What to produce: An exact copy of each line below is needed, with no images in it.

-------- Data below

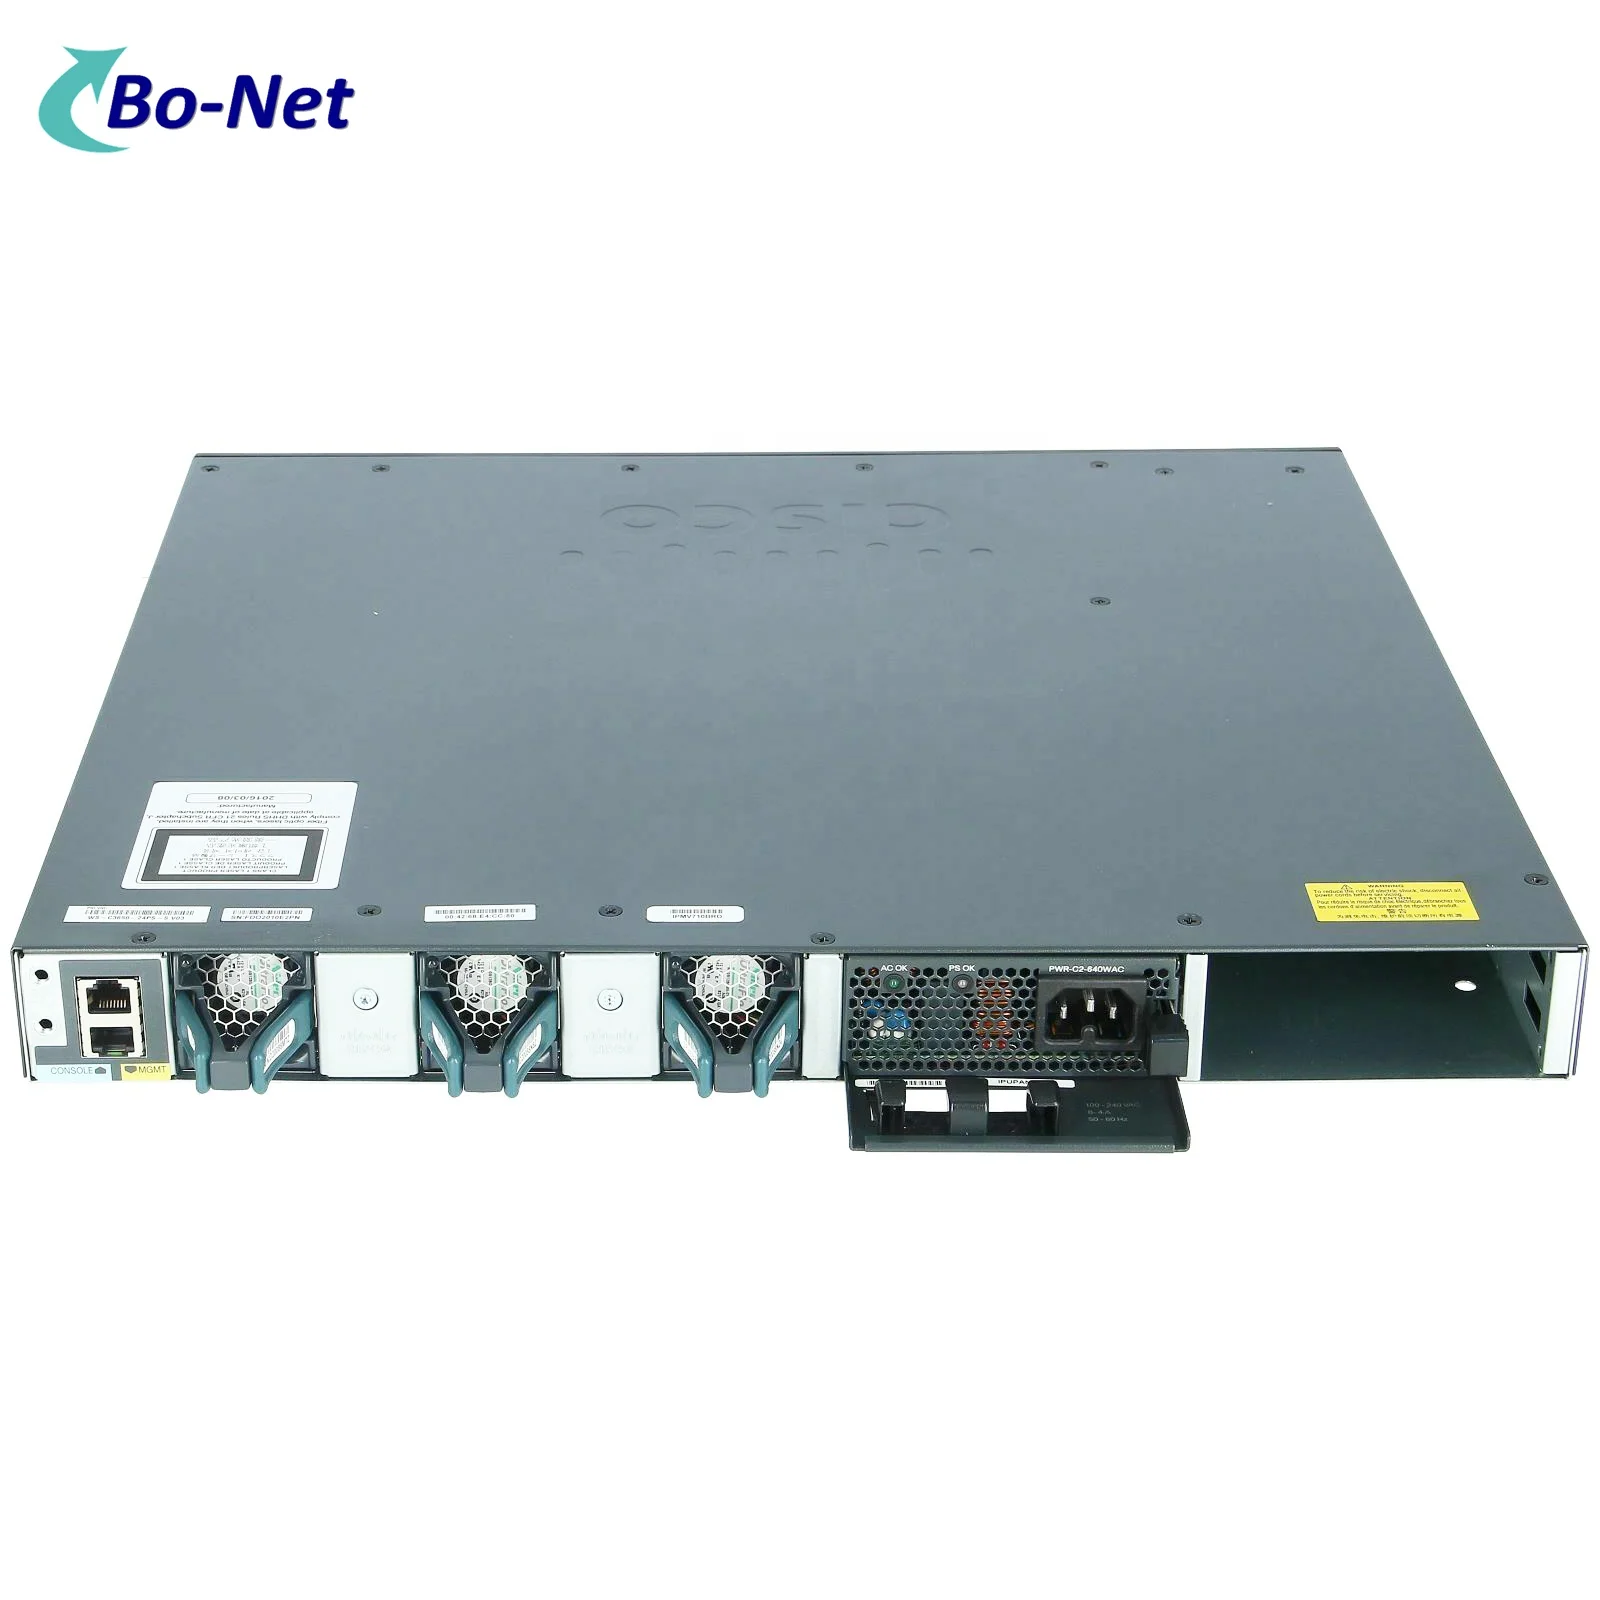 CISCO 3650 Series switch WS-C3650-24PS-S 24 Port PoE 2x10G Uplink LAN
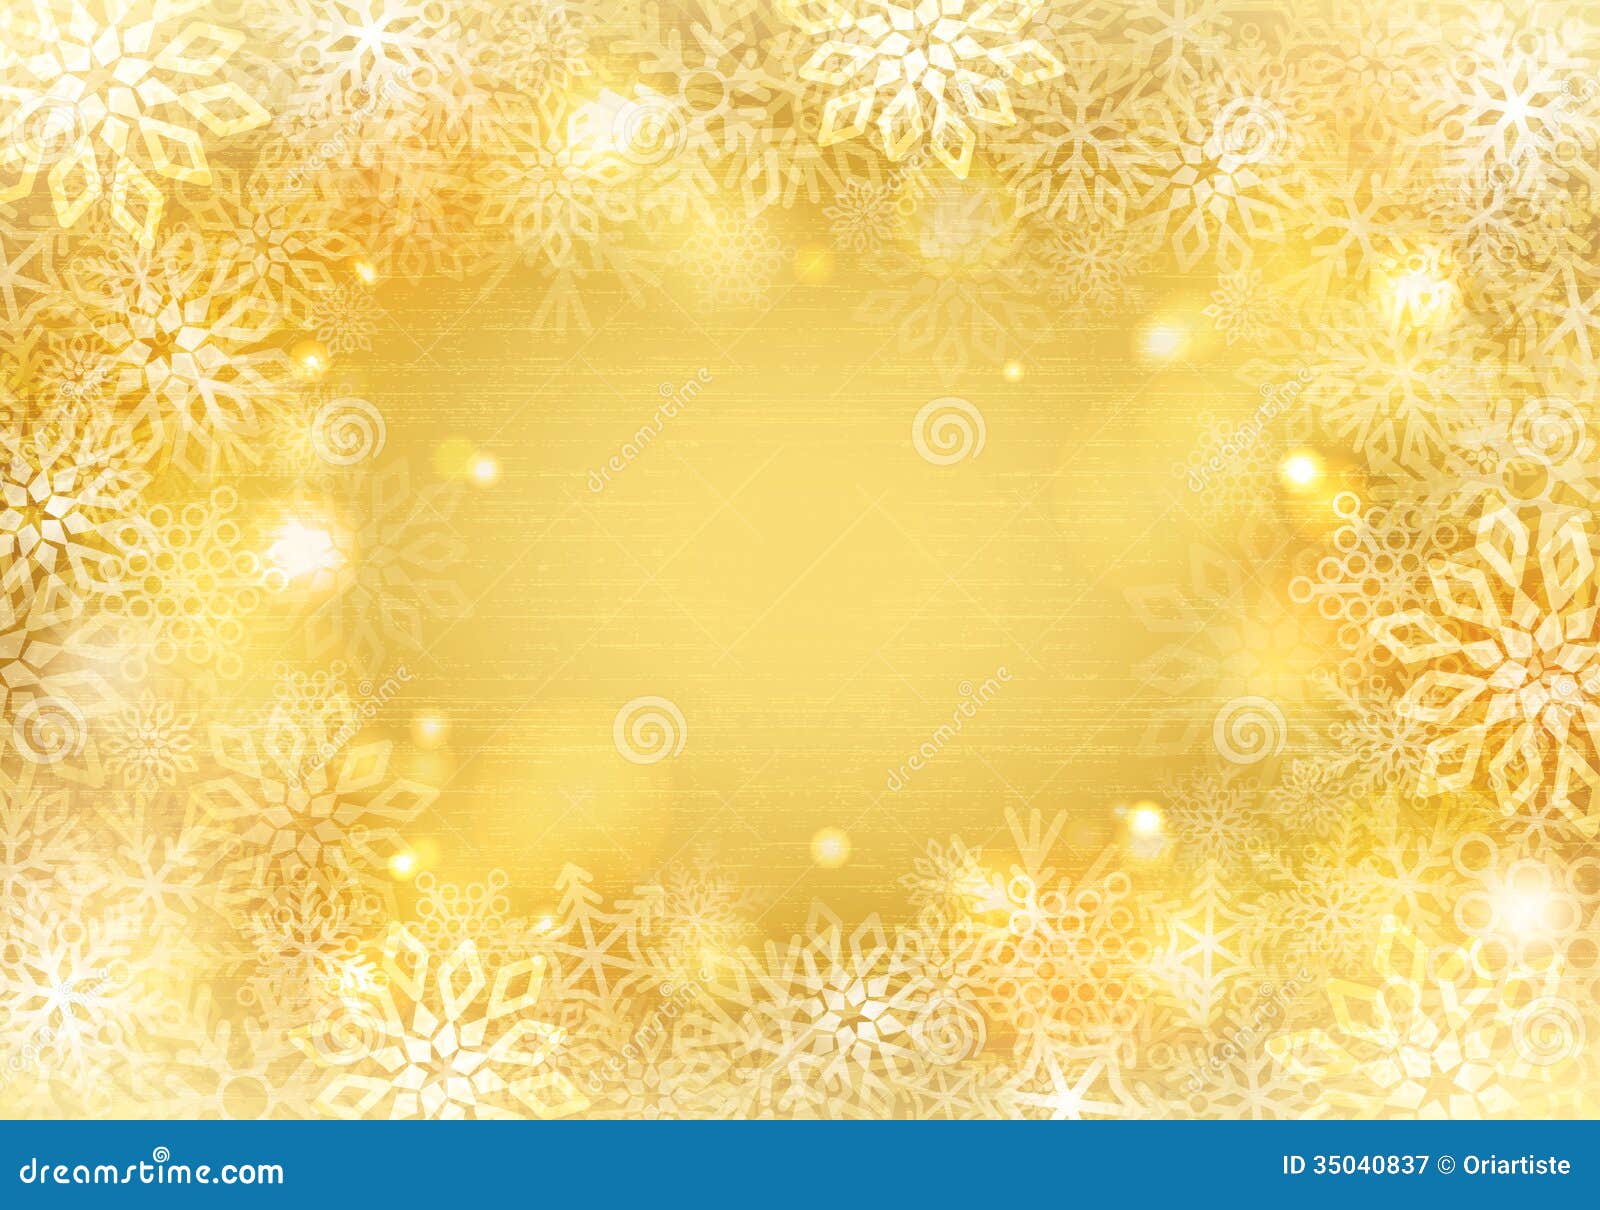 yellow snowflake clipart - photo #42
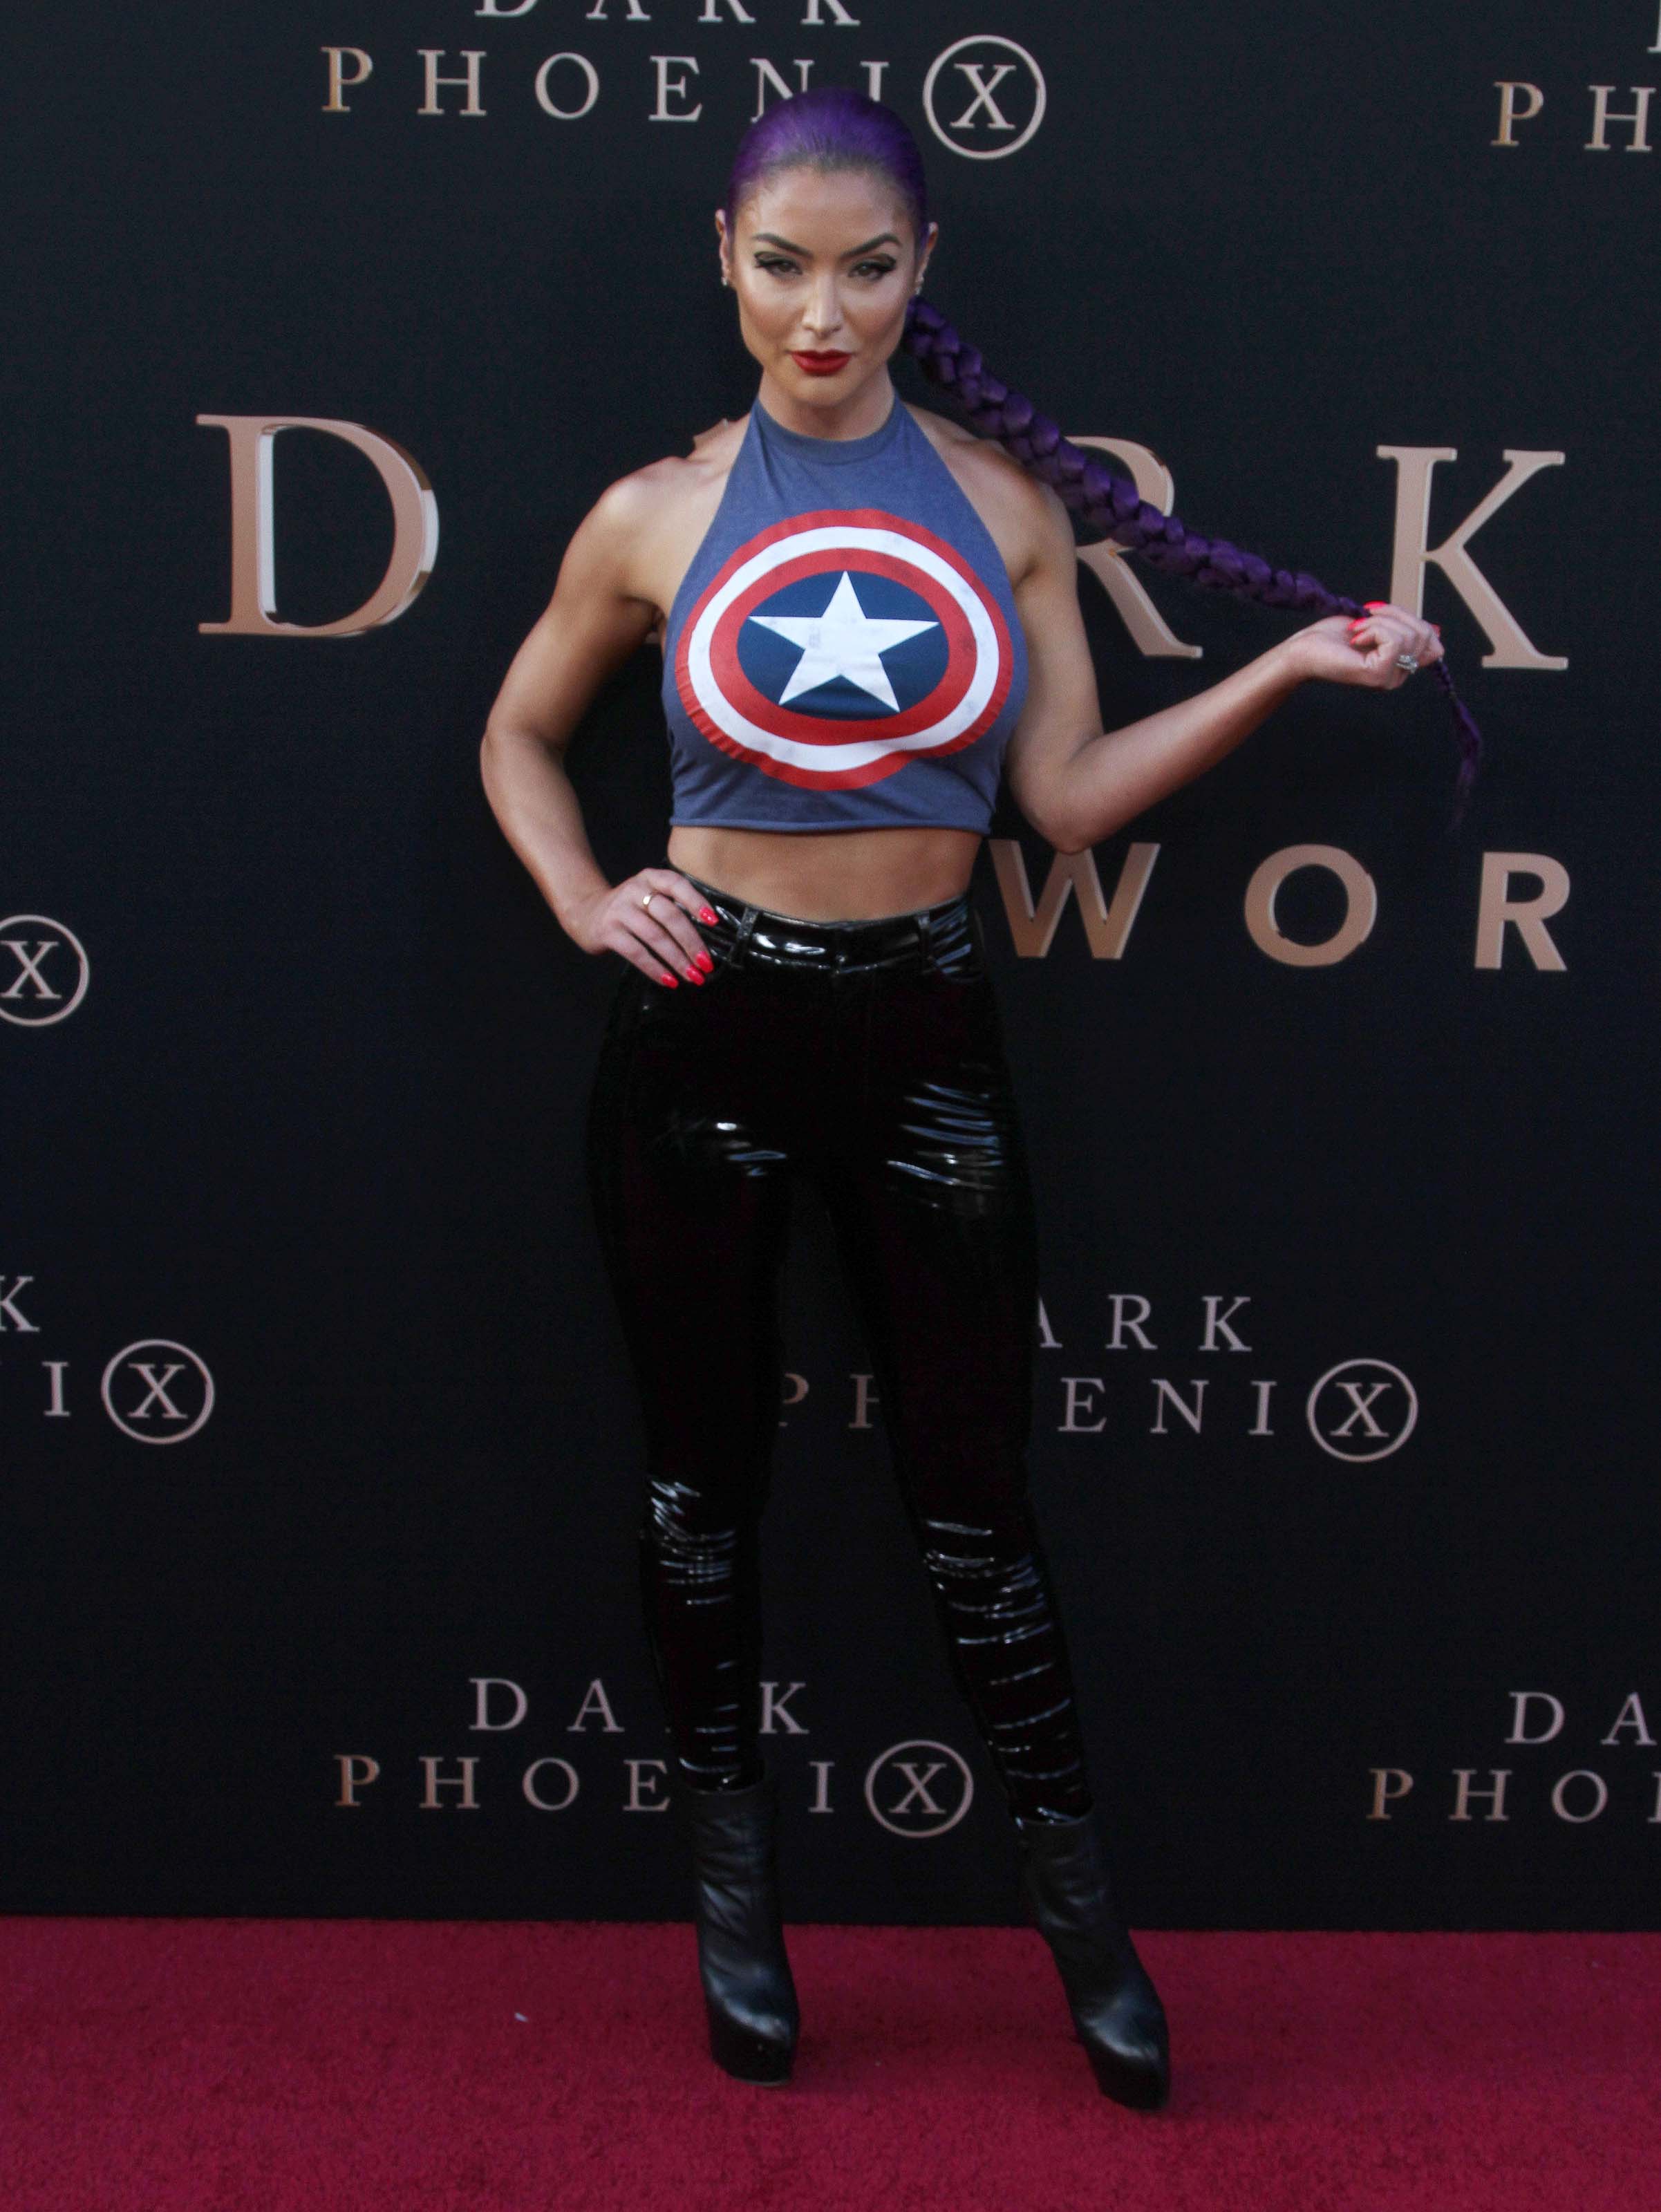 Eva Marie attends X-Men Dark Phoenix film premiere

----------------

Solution to this exercise:
 CISCO 3650 Series switch WS-C3650-24PS-S 24 Port PoE 2x10G Uplink LAN
 yellow snowflake clipart - photo #42
 Eva Marie attends X-Men Dark Phoenix film premiere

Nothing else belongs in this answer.